Сейчас – Гендель… Рихтер не начинал… Внимание переходит в напряжение… Он молчит… Что же это? Ведь это почти катастрофа! Поднятая голова. Руки бессильно опущены. В зале едва уловимое движение. Наконец-то первые такты. Но что же с ним?! Он неузнаваем! Ведь это едва ли четверть от того, что только что было дома. Он играл с усилием, совершенно очевидным, как бы нехотя, преодолевая сюиту. Так прошло первое отделение… После антракта он гениально играл прелюдии и фуги! С каким-то редким даже для него подъемом и совершенством! Зал стоя рукоплескал ему и Шостаковичу. Это был не успех. Это был триумф!

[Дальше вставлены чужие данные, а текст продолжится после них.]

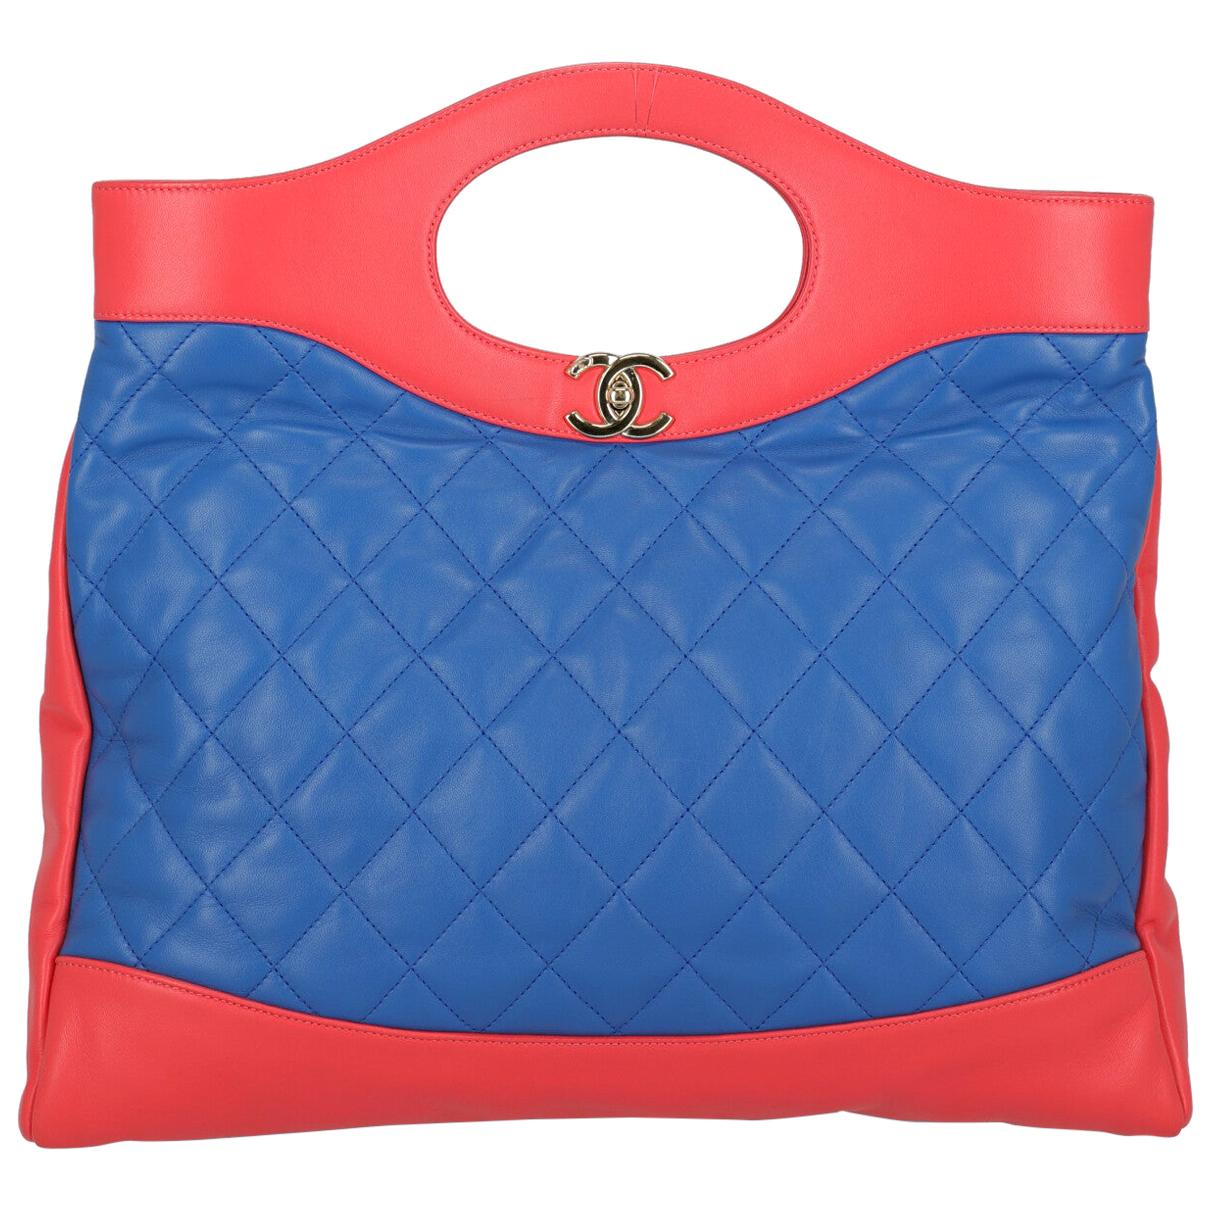 Chanel Women's Tote Bag 31 Navy/Red Leather For Sale at 1stDibs

На другой день он пришел к Анюше при мне. Он был весел и как будто доволен вчерашним. Мы за столом. Смеемся.
Анюша:
– За что ж ты Генделя так отодвинул?
Он:
– Знаете, я вышел, сел, и прямо передо мной в ложе – Шостакович! Он тут же показал, подперев пальцем щеку, очень похоже на известную фотографию Шостаковича.
– Знаете, ну так близко, так близко, тут уж не до Генделя совсем…
Потом рассказывал, как после концерта Шостакович выражал ему свой восторг и приглашал, настоятельно звал к себе.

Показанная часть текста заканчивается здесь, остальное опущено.